Canada’s economy grew at an annualized rate of 2.1% in the second quarter, surpassing expectations set by analysts and the Bank of Canada (BoC), according to data released by Statistics Canada on Wednesday. Despite the stronger-than-expected growth, the central bank is still anticipated to proceed with an interest rate cut in its upcoming meeting, marking the third consecutive reduction.
Q2 Growth Surpasses Forecasts
Analysts had forecasted a 1.6% growth rate for the second quarter, while the Bank of Canada had a slightly more conservative estimate of 1.5%. The stronger-than-expected 2.1% growth was largely driven by higher government spending, increased business investment, and a rise in household spending on services. However, this growth was tempered by declines in exports, residential construction, and household spending on goods.
On a monthly basis, GDP growth for June was flat, registering a 0% change, which fell short of the expected 0.1% increase.
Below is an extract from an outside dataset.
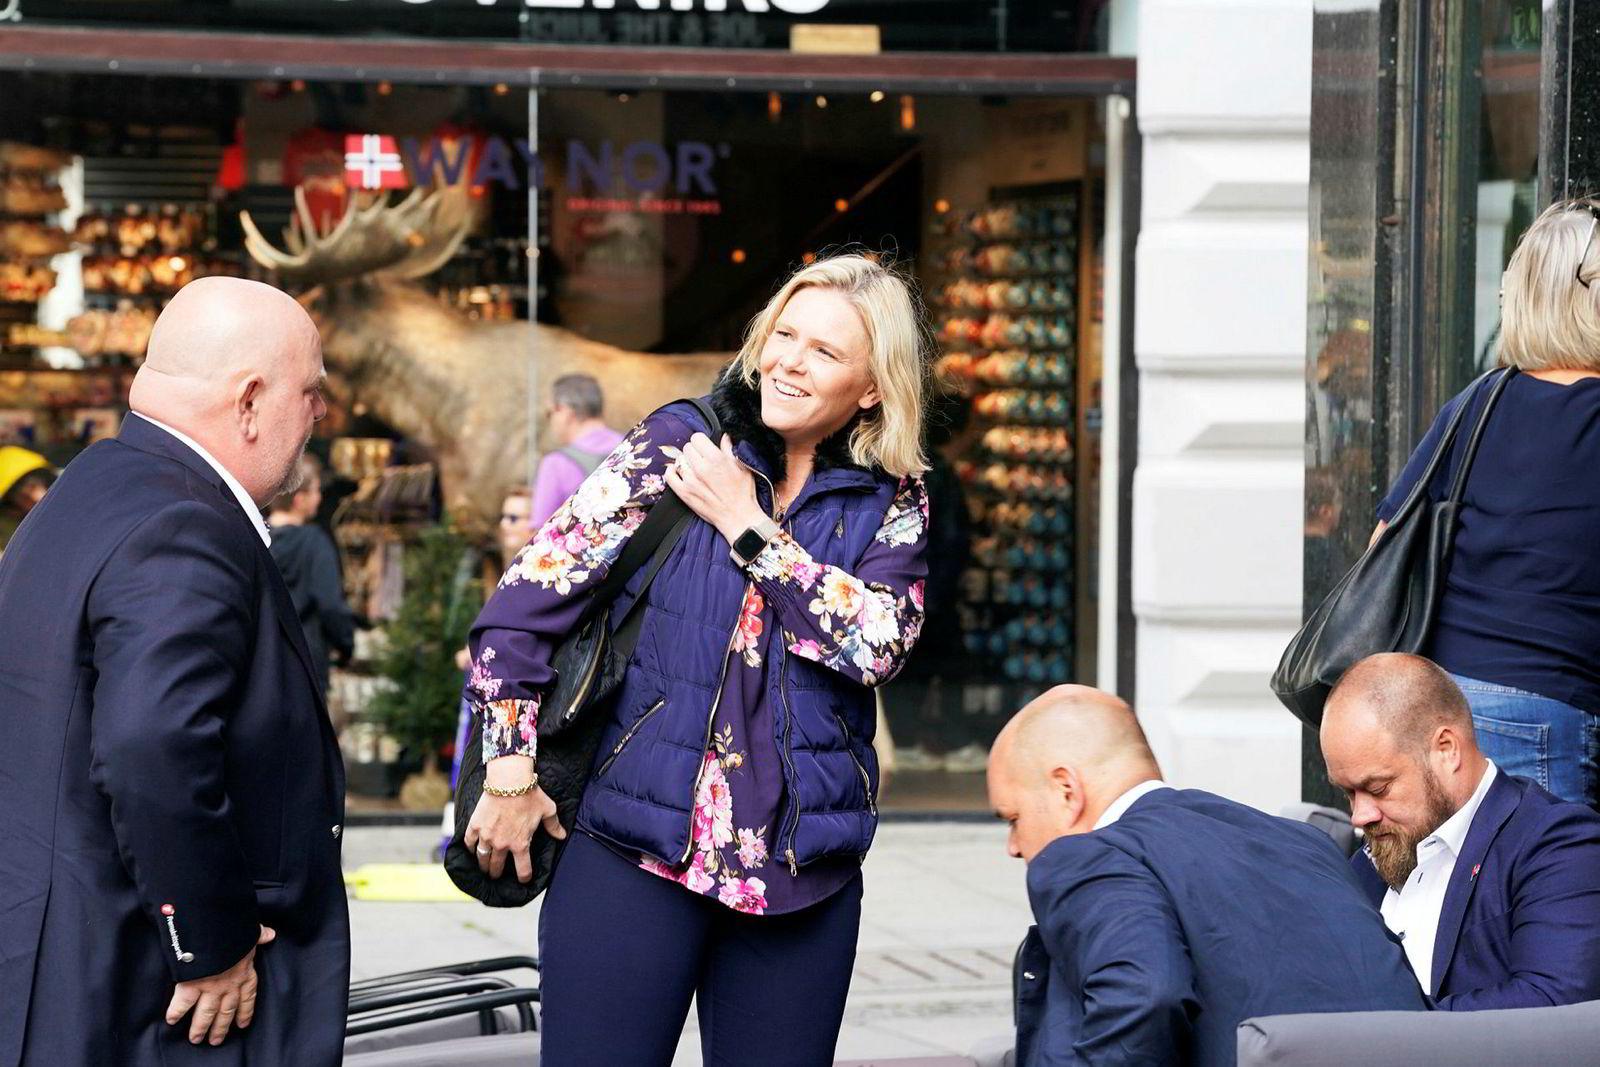 Frp-nestleder Sylvi Listhaug med partifeller før det ekstraordinære landsstyremøte i partiets lokale i Karl Johans gate 25.

Additionally, on a per capita basis, GDP decreased by 0.1% in Q2, marking the fifth consecutive quarterly decline, a concerning trend that reflects underlying economic challenges.
Implications for Interest Rates
Despite the stronger-than-expected quarterly growth, weak momentum heading into the third quarter has reinforced expectations that the Bank of Canada will continue its path of rate cuts. CIBC economist Andrew Grantham highlighted that the lack of economic momentum as Q3 begins provides ample justification for the BoC to cut rates again.
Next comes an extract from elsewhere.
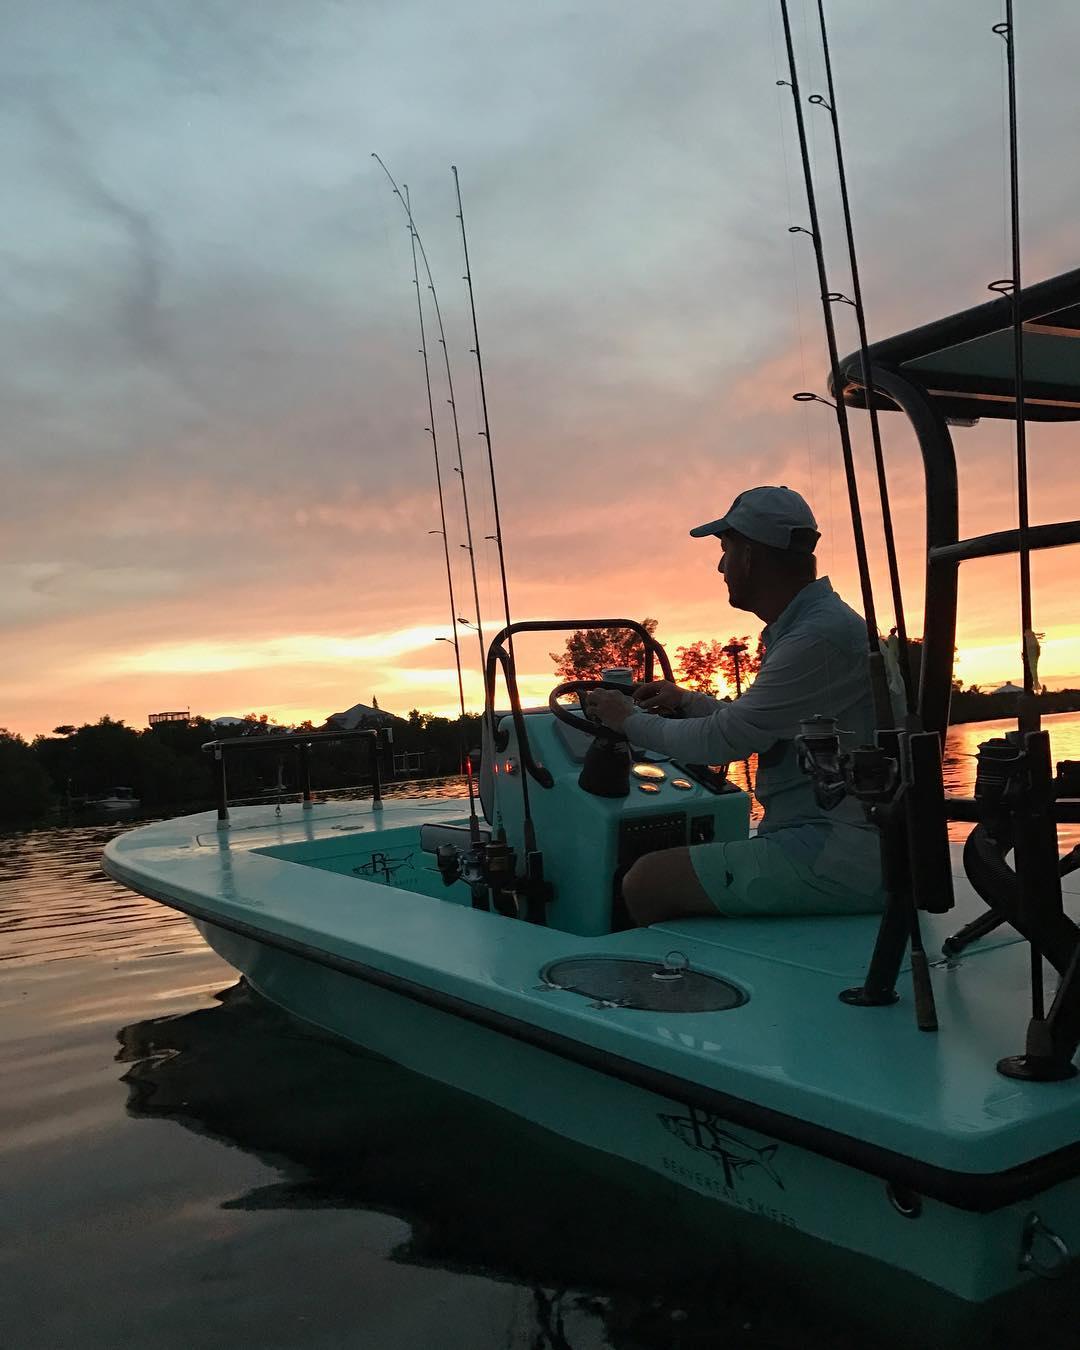 Beavertail Skiff in the sunset

The financial markets now predict an 80% chance of a 25 basis point rate cut at the BoC’s next rate announcement on September 4, up from 77% before the latest GDP figures were released. Grantham also pointed out that preliminary data for July suggests that GDP remained unchanged, with declines in construction, mining, quarrying, oil and gas extraction, and wholesale trade, offset by gains in the finance, insurance, and retail trade sectors.
"With early tracking for Q3 at around 0.5% annualized, which is significantly below the 2.8% forecast by the Bank of Canada’s Monetary Policy Report, there is a strong likelihood that the BoC will continue reducing interest rates by 25 basis points at each of its remaining meetings this year," Grantham noted.
Looking Ahead: Rate Cuts and Economic Outlook
The second quarter’s growth was primarily supported by government expenditures, business investment, and household spending on services. However, the broader economic landscape remains fragile, with notable weaknesses in exports, residential construction, and household spending on goods. The potential for further economic softening in Q3 could prompt the BoC to consider deeper rate cuts in the near future.
While the unexpected Q2 growth offers some positive news, the broader economic indicators suggest caution. The continuing decline in GDP on a per capita basis and the sluggish start to Q3 highlight the challenges that remain. As the BoC prepares for its September 4 meeting, the focus will be on how these factors influence the decision-making process regarding future rate cuts.